I have yet to read the Art Of War (have owned it for about 15 years now) but somewhere in there I am sure it talks about giving your enemy more credit and not simply labeling them as stupid or inferior. The Fed is a smart group of people, albeit lacking in practical real world business sense. The banks are benefitting for sure from playing the role of broker as the Fed expands its balance sheet. How else can the Fed buy treasuries though? We know they are monetizing the debt but at least by working through the primary dealers they can say they are not monetizing the debt.
There are three ways to grow nominal GDP
M (money supply) x V (velocity) = Q (output) x P (price inflation)
1 - Increase the money supply
2 - Increase the velocity of money
3 - Increase inflation
Let's use an example of a place called Fantasy Land (fitting for our current situation).
A farmer sells $50 in corn to a neighbor. The farmer then spends $30 to get their tractor fixed from another neighbor and spends $20 on a bottle of moonshine at the local "packy."
The GDP of this fine community is $100 assuming their is no inflation (hence the name Fantasy Land). Using the above formula we have:
Money Supply ($50) X Velocity (2, how many times the money was turned) = Inflation (0%) X Output ($100)
Getting back to Fantasy Land, excuse me the US economy, banks are not lending and people are not spending. There is NO demand, so there is no velocity. Money is not turning over. Small business surveys continually state that their top concern is not lack of credit, but rather lack of customers.
So the Fed must grow the monetary base (even though Banana Ben has said they are not creating money). Look at the two charts below of money supply and velocity. They have offset one another causing no real GDP growth, only nominal.
The Fed through QE is trying to make money so cheap it creates demand through inflation expectations (that car will be more expensive next month so I'll buy it today) and overall demand (I'll remodel that basement because Home Depot has zero interest rates for 18 months).
Problem is it's not working. Demand is not there. The Fed is hoping QE will raise stock prices, which obviously has worked and give people a sense of wealth, a desire to spend. It's also caused yield chasing and the use of massive leverage (leverage is now back to LEH levels which is truly astonishing).
Commodities have been a great trade and people have piled in. The result is rising input costs which cannot be passed along because there is no demand. As input costs rise margins are compressed. Expect higher layoffs as firms do all they can to manage the bottom line. Bernanke's efforts seems to be choking any demand left in the economy.
Input costs have risen, treasury yields have risen, gas at the pump has risen and now the USD has begun to catch a bid. The market looks forward to QE3 but honestly Banana Ben may not have the opportunity to see that happen. The debt ceiling will be reached in less than 8 weeks and in a recent survey 70% of Americans do not want it raised. Sure Congress can do what they want, they have done so for years. But, the last election has taught many that if they want to keep their jobs they better listen. The bond market may be telling them the credit card is stopped. We see what's happening in the municipal bond market.

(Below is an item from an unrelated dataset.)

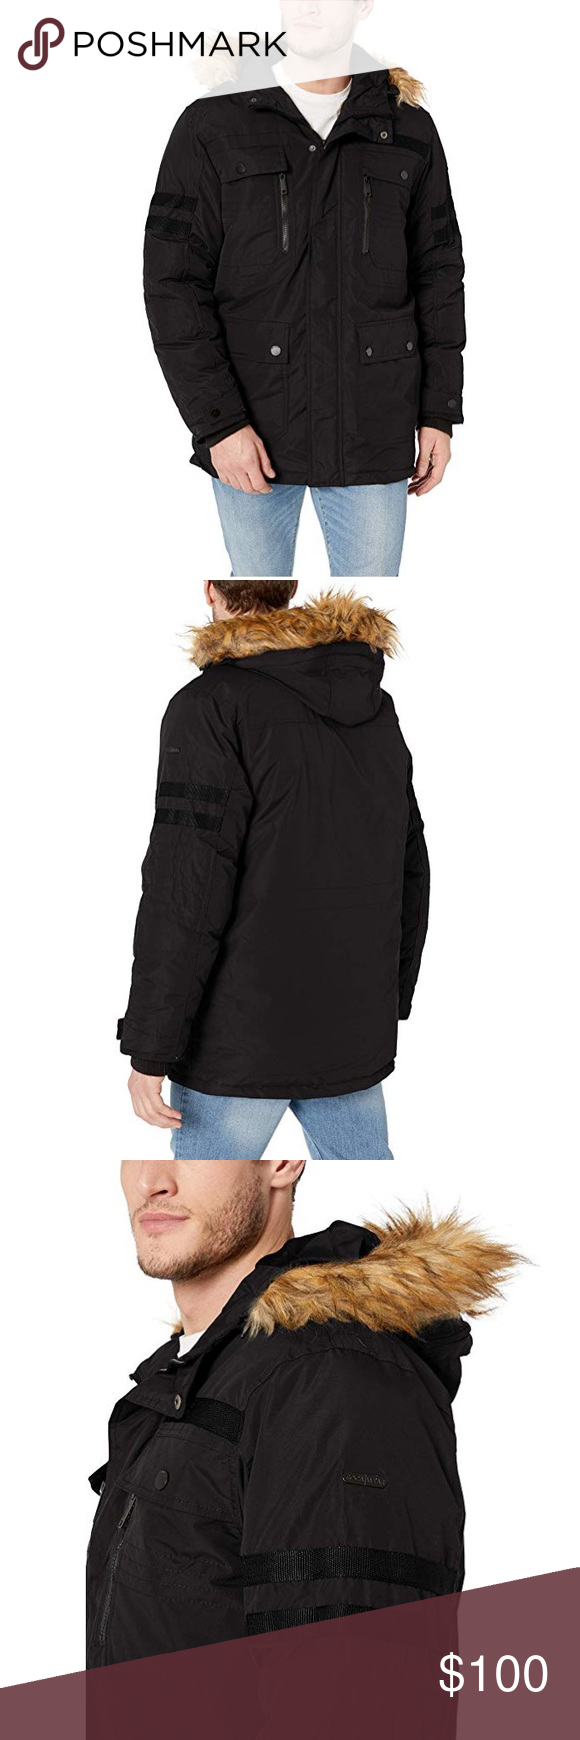 Rocawear Men S Heavyweight Long Parka Jacket Xl Long Parka Jacket Parka Jacket Long Parka [ 1740 x 580 Pixel ]
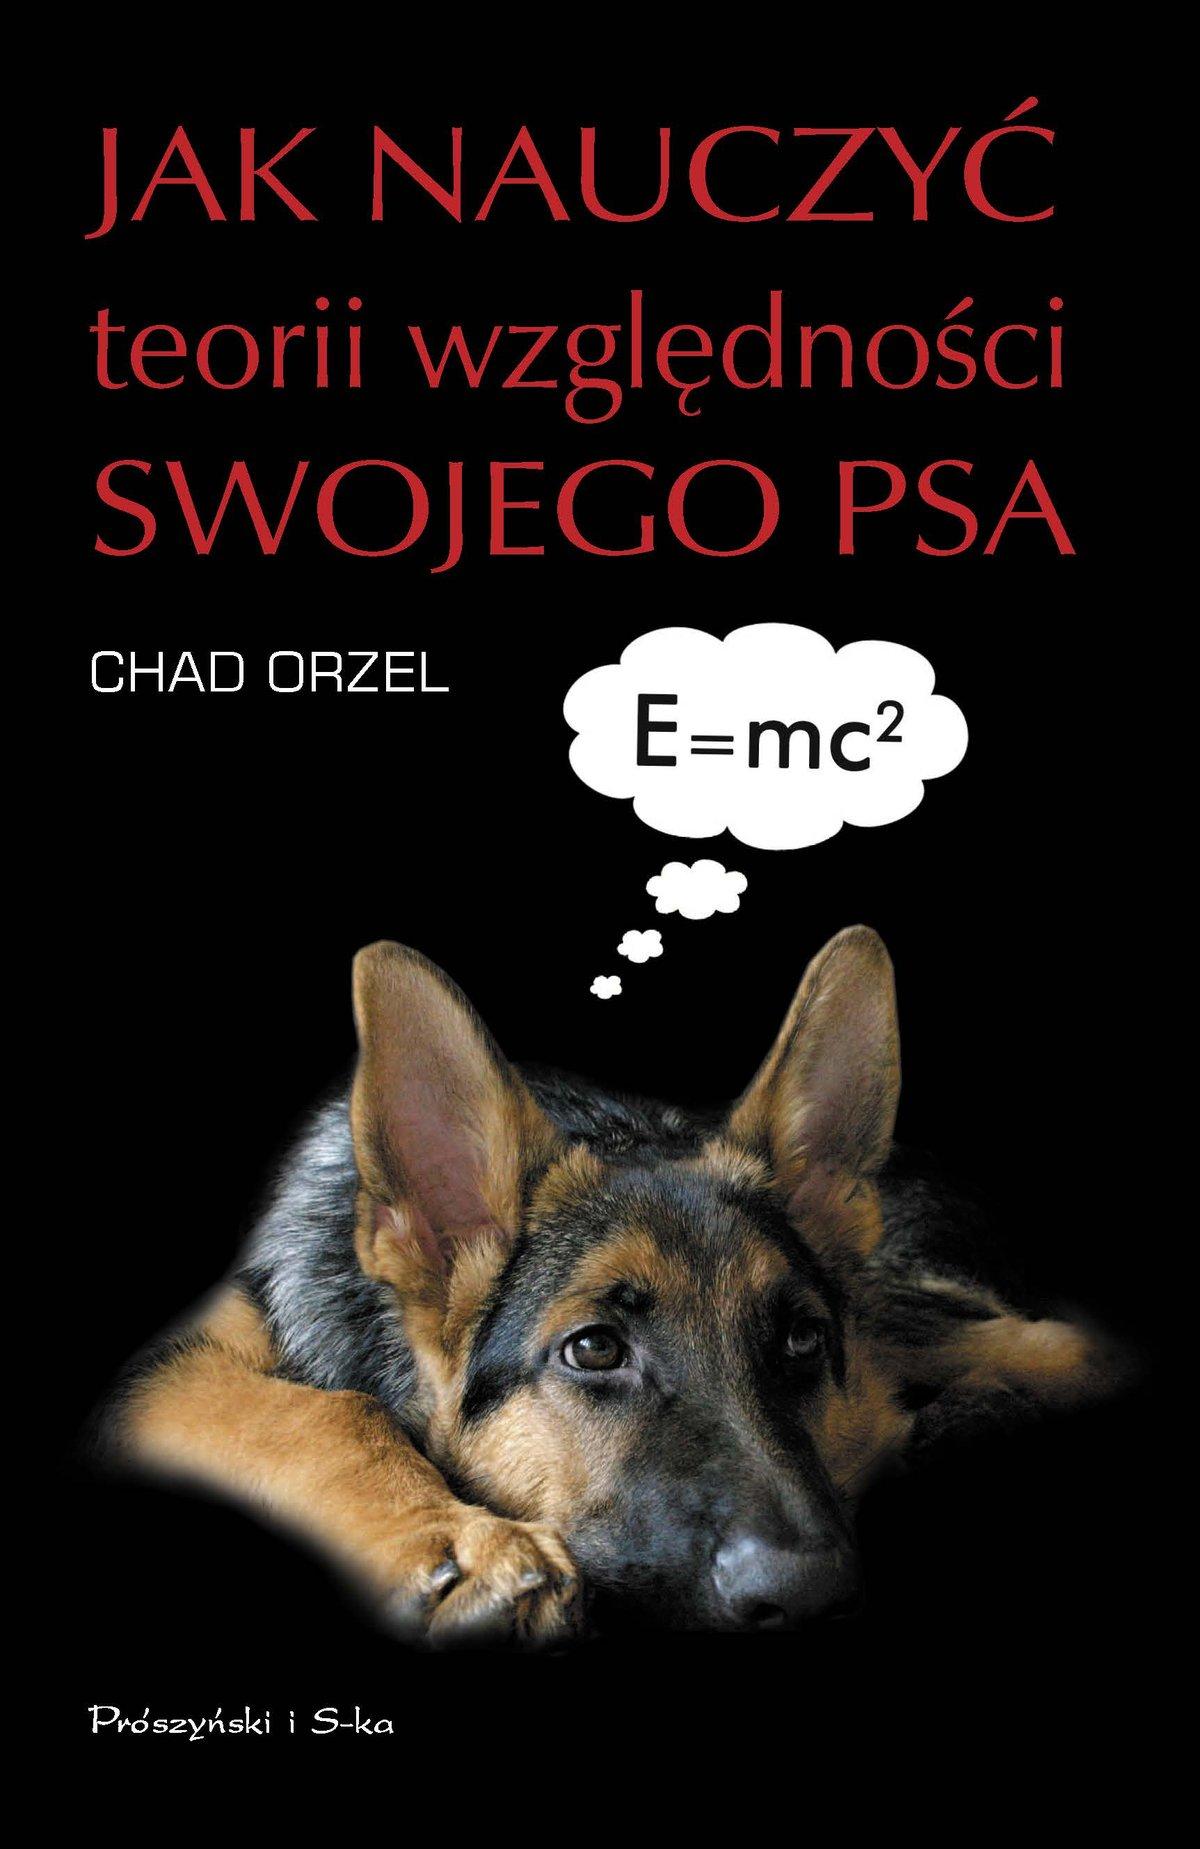 Jak nauczyć teorii względności swojego psa - Ebook (Książka EPUB) do pobrania w formacie EPUB

A former Atlanta Fed President has publicly called out the Fed, their QE and their solvency. Dallas Fed President Fischer has also publicly cast his no vote for further QE beyond June.
Just recently two regional Fed manufacturing surveys were revised downward. QE is not working other than wealth effect which is not driving demand. Bernanke is not a dumb man. He lacks business sense for sure but at some point the Bernanke put will expire. To think the Fed will always be there is a clear sign group think is wrong again.